Apple said it complied with orders from the Chinese government to remove the Meta-owned WhatsApp and Threads from its App Store in China. Apple also removed Telegram and Signal from China.
The New York Times similarly wrote that “a person briefed on the situation said the Chinese government had found content on WhatsApp and Threads about China’s president, Xi Jinping, that was inflammatory and violated the country’s cybersecurity laws.

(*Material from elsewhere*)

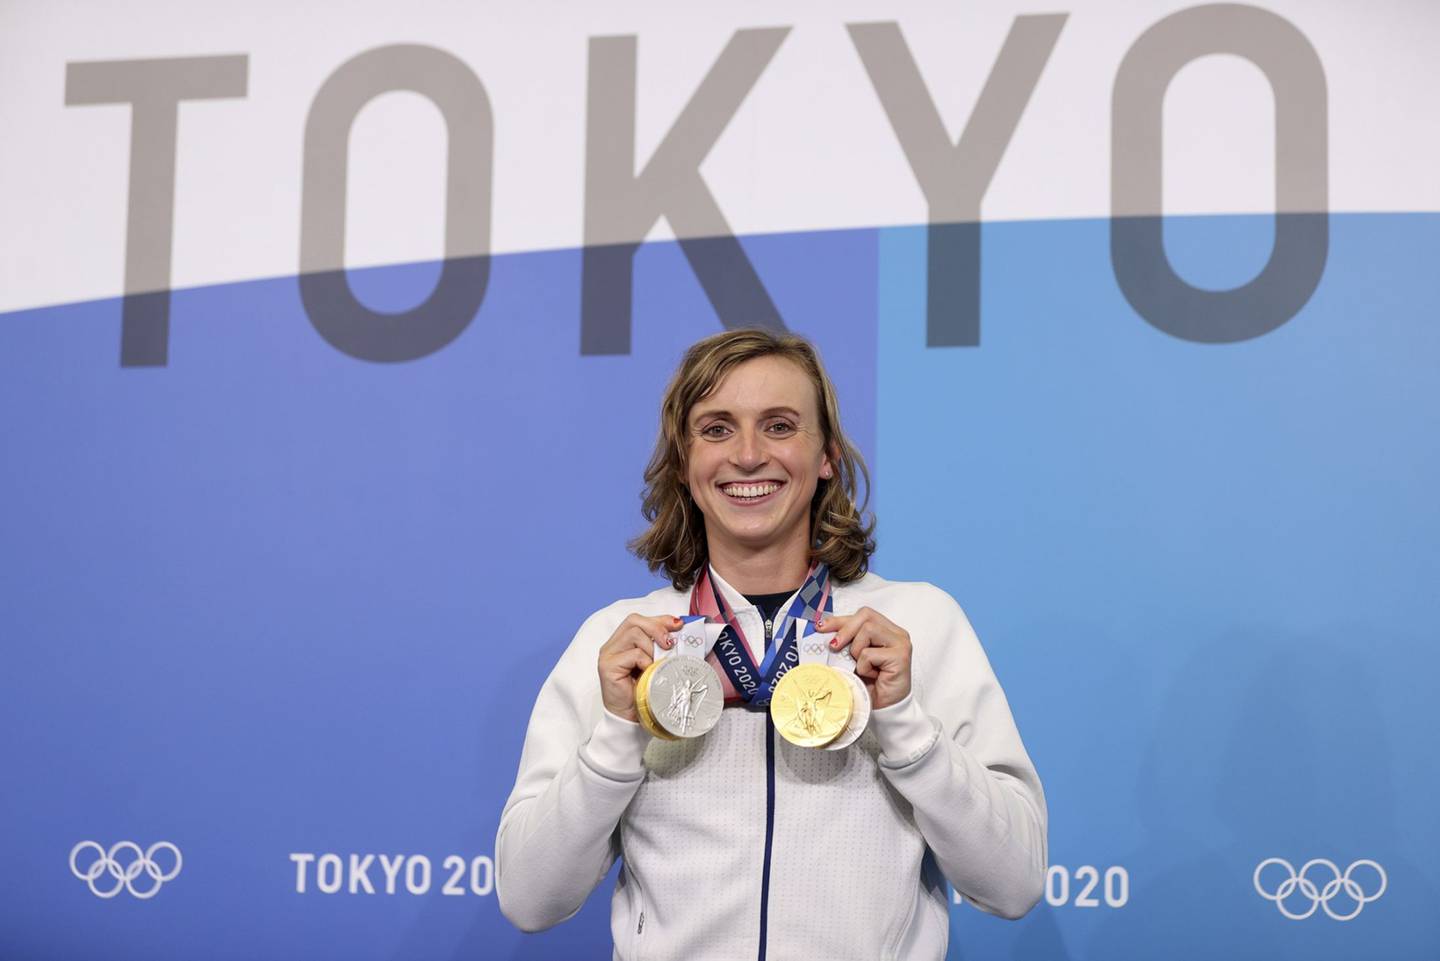 TOKYO, JAPAN - JULY 31: Katie Ledecky of Team USA poses with her two Gold and two Silver medals after a giving a press conference to the media during the Tokyo Olympic Games on July 31, 2021 in Tokyo, Japan.

The specifics of what was in the content was unclear, the person said.”
“These apps and many foreign apps are normally blocked on Chinese networks by the ‘Great Firewall’—the country’s extensive cybersystem of censorship—and can only be used with a virtual private network or other proxy tools,” Reuters wrote.
“For years, Apple has bowed to Beijing’s demands that it block an array of apps, including newspapers, VPNs, and encrypted messaging services,” The New York Times noted yesterday.
This is the best summary I could come up with:
The New York Times similarly wrote that "a person briefed on the situation said the Chinese government had found content on WhatsApp and Threads about China’s president, Xi Jinping, that was inflammatory and violated the country’s cybersecurity laws.
WhatsApp, Threads, Telegram, and Signal were reportedly still available on Apple devices in Hong Kong and Macau, China’s special administrative regions.
The House Commerce Committee last month voted 50–0 to approve a bill that would force TikTok owner ByteDance to sell the company or lose access to the US market.
US lawmakers argue that TikTok poses national security risks, saying that China can use the app to obtain sensitive personal data and manipulate US public opinion.
Stewart reportedly told members of his staff that Apple executives were concerned about potential show topics related to China and artificial intelligence.
“For years, Apple has bowed to Beijing’s demands that it block an array of apps, including newspapers, VPNs, and encrypted messaging services,” The New York Times noted yesterday.
The original article contains 519 words, the summary contains 164 words. Saved 68%. I’m a bot and I’m open source!
Yes, use an Android phone (which you can sideoad apks on), preferably with a custom ROM and Tor, if you have to be in China for whatever reason.
Doesn’t matter where you are. Side loading is a must have for any device, especially phones because a lot of their functions require installing applications. This is like saying privacy is only important if you have something to hide. People are under the assumption that just by enabling side loading they’ll open up their phones to viruses or something. If you don’t need to just stick to your regular app store but having the option is important. If everything you do on your phone is connected to a single company then you aren’t private, it’s only an illusion of privacy.
Oh, certainly I would advocate using Android anywhere, but especially China.
Just be careful if the trusted download sources also get blocked.
I know sideloading is a big concern for the folks over at Signal. They’ve been worried about compromised APKs floating around.
Yeah, Signal is a funny one. Claim to be about privacy and then don’t put their app on F-Droid.
They had a reasonable argument a long time ago. They didn’t want fdroid to sign their app. They wanted to sign their own app. But now fdroid supports reproducible builds where the app developer signs their own app. So that argument has been addressed and they still haven’t done it.
I think The signal leadership is still emotional about the big debate at the time
You can’t even sideload on ios can you? So if Apple removes it from the app store you’re shit outta luck?
Fuck apple. But it stuff like this that makes me have no sympathy for people who buy iphones.
Edit: also fuck China. Just being thorough
So if Apple removes it from the app store you’re shit outta luck?
Not if you’ve installed it before, in which case you can download it from a not-very-well-known purchase history.
You can sideload in a way, but it’s a bit annoying. Unless you pay for an Apple Developer account (IIRC about 100$ a year), you’ll have to re-sideload the app every 7 days.
What a stupid thing. What is this preventing? Like if Apple is trying to prevent you from side loading a malicious app, it’s cool if it’s only malicious for a week?
You can sideload on iOS. It’s not nearly as easy it is on Android, but it’s not hard. Any of us that are developing are doing it consistently.
That said. Sideloading isn’t exactly easy when China’w great firewall is blocking direct download sites and monitoring / censoring search engines, VPNs, ISPs, etc. Things are not like they are in the west.
Only government backdoor unencrypted communications allowed, as is normal in dictatorships.